Voting on the EU
One of the first votes I cast was a vote in the EEC referendum in 1975, when we were asked whether the UK should stay in or leave the EEC. My employer asked me to research the consequences of a Yes and a No vote. I constructed an economic forecast based on the two scenarios, read the Treaty of Rome, and started my lifetime study of the EEC/EU and all its doings.
As a result of this research I concluded that the UK should leave the EEC for two main reasons. The first was the content of the Treaty. It made it clear this was no mere common market. It stated the aim was “ever closer union” and sketched an ambitious project which duly unfolded in later years of creating a state called Europe. I realised that the main political parties were all arguing that this was just a free trade relationship, a common market, when it was something very different. They sought to reassure us that no powers of self government were being taken away, when that was the express aim of the wider project.

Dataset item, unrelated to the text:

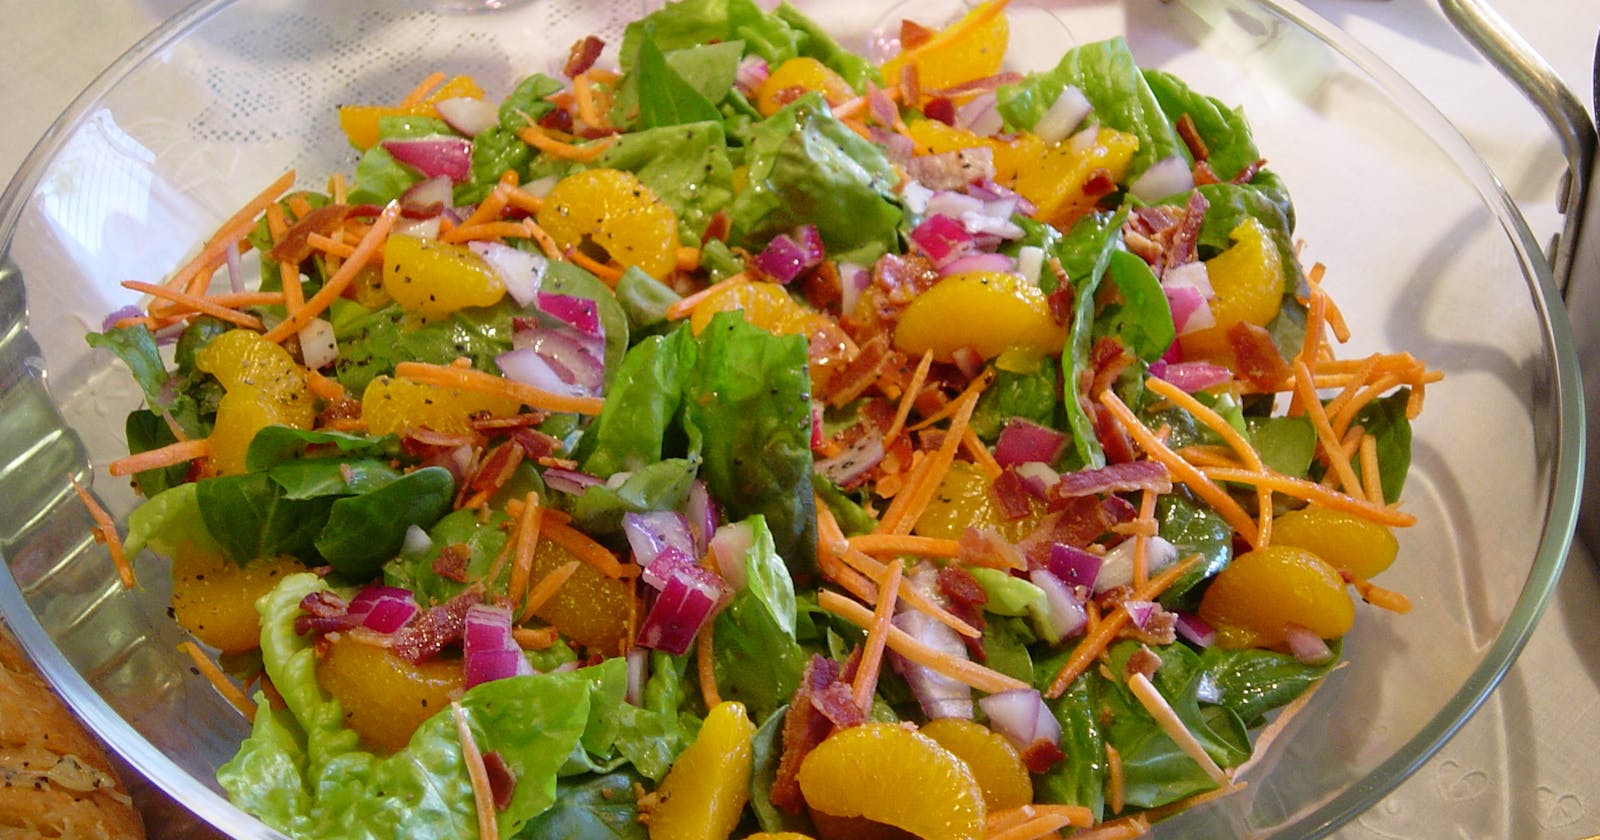 Mardi Gras Salad Recipe for Your Festive Mardi Gras Menu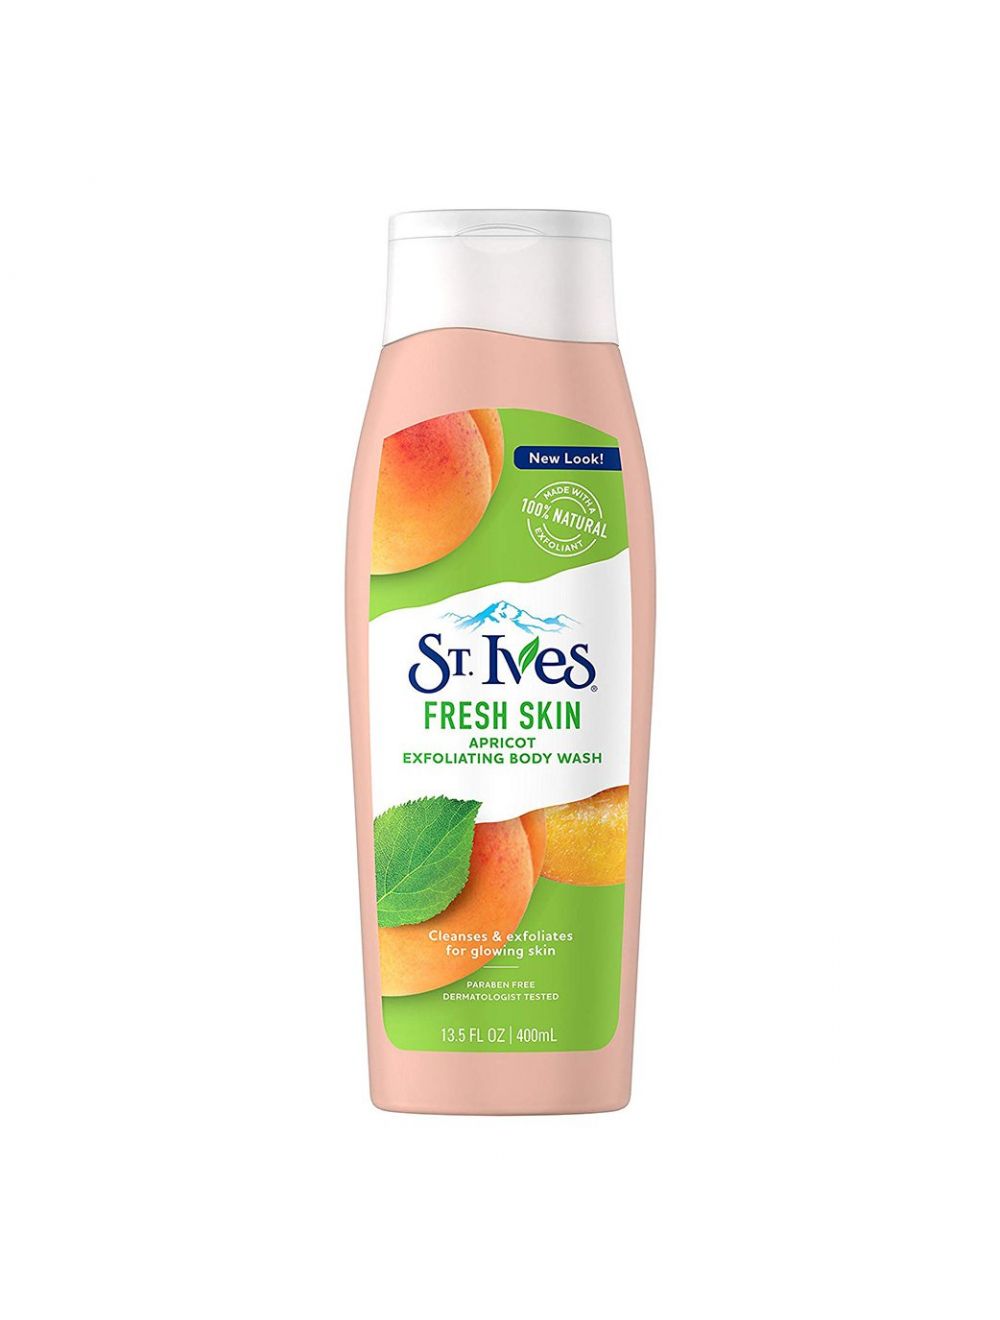 St. Ives Fresh Skin Apricot Exfoliating Body Wash (400ml)

The second reason I decided against was the economic impact. My forecasts showed that we would run twin large deficits inside the EEC. We would run permanent large trade deficits – as indeed we did. They decided to liberalise the trade in goods where the continent was strong, and to resist proper liberalisation of trade in business and financial services where we were stronger. This asymmetry led to big import penetration of our markets, and loss of Uk industrial capacity. VW and BMW flourished whilst BL floundered. It was also likely to increase our state deficits, as the EEC required substantial and rising financial contributions from us. I did not forecast any introduction of a budget rebate as I did not foresee such a successful negotiation by a later UK government. Even after the Thatcher rebate the large contributions added to our budget deficits.
After the loss of the referendum I accepted the verdict of the people, and spent the next 25 years trying to ensure the EEC/EU was primarily a common market. By the 1990s this was demonstrably impossible, and I turned into an opponent of the centralising Treaties that followed, and started then campaigning for a way out via another referendum. Attending 21 Council of Ministers meetings, mainly as so called Single market Minister, confirmed my view that this was not primarily a common market. I disliked the absence of democratic challenge and accountability to what we were doing, and the use made of the so called common market to further a massive legislative programme that by passed national democracy.